| YOUR INSTRUCTIONS |
I'd like the data below restated word for word, with the pictures left out.

| INFORMATION SHOWN |

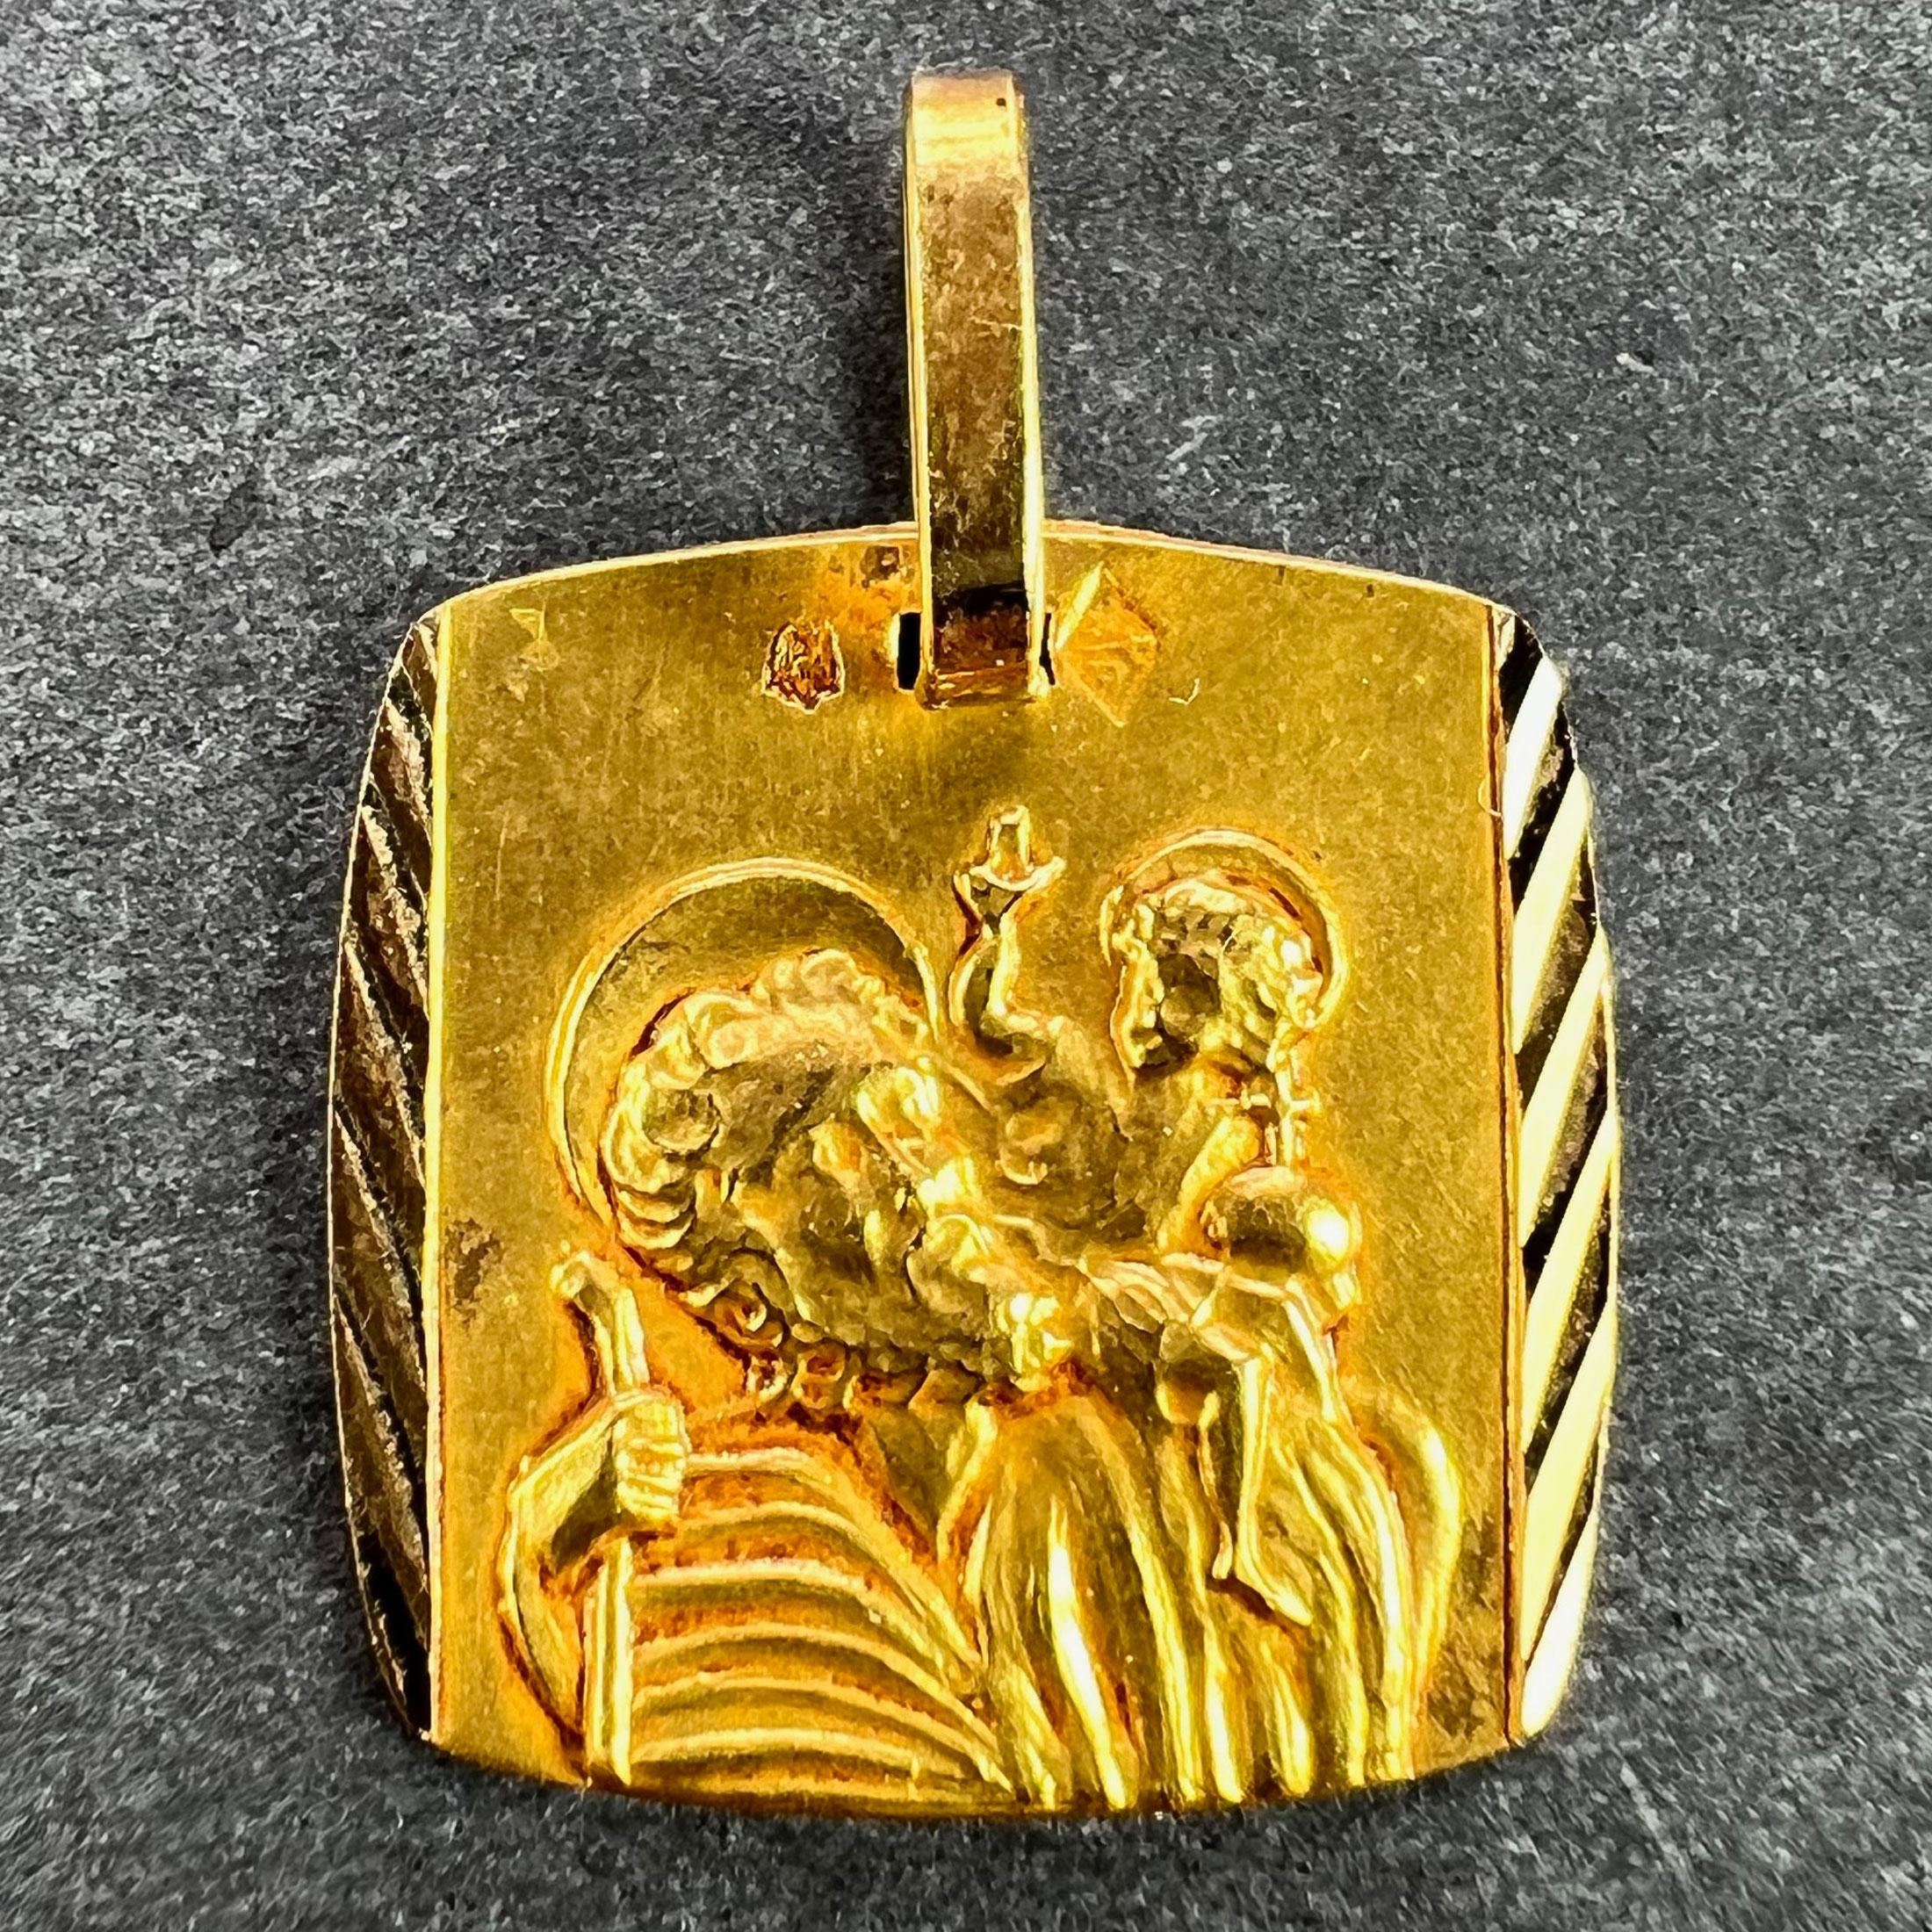 A French 18 karat (18K) yellow gold charm pendant designed as a medal depicting Saint Christopher carrying the infant Christ. Stamped with the eagles head for 18 karat gold and French manufacture and an unknown makers mark.

Dimensions: 1.4 x 1.4 x
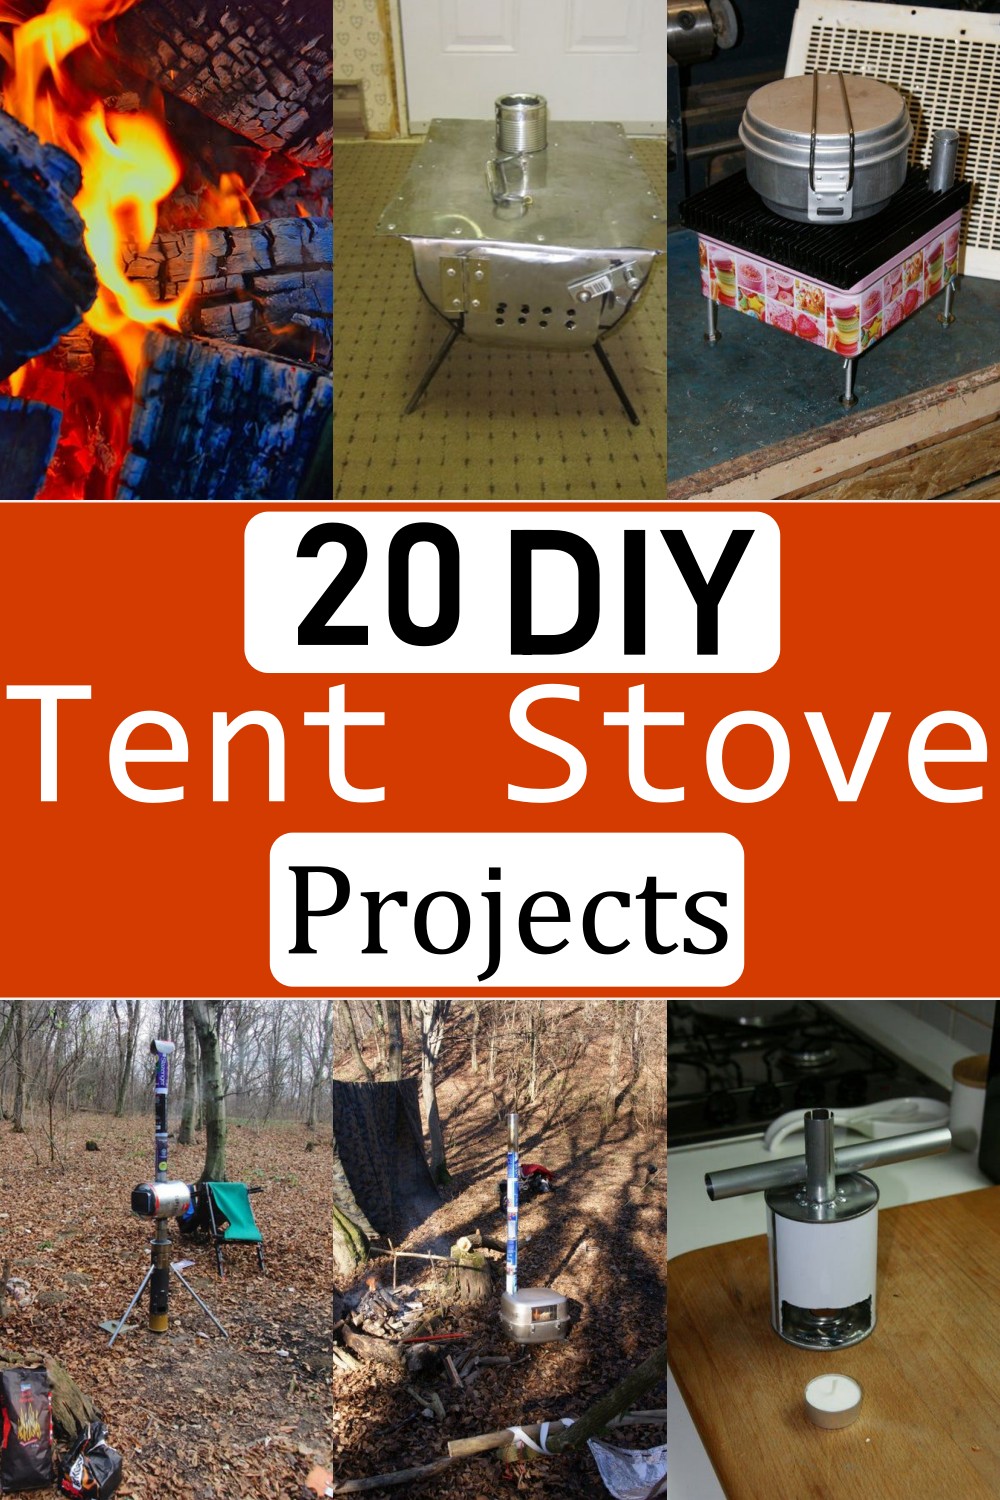 Tent Stove Projects

| TASK OUTPUT |
 A French 18 karat (18K) yellow gold charm pendant designed as a medal depicting Saint Christopher carrying the infant Christ. Stamped with the eagles head for 18 karat gold and French manufacture and an unknown makers mark.

Dimensions: 1.4 x 1.4 x
 Tent Stove Projects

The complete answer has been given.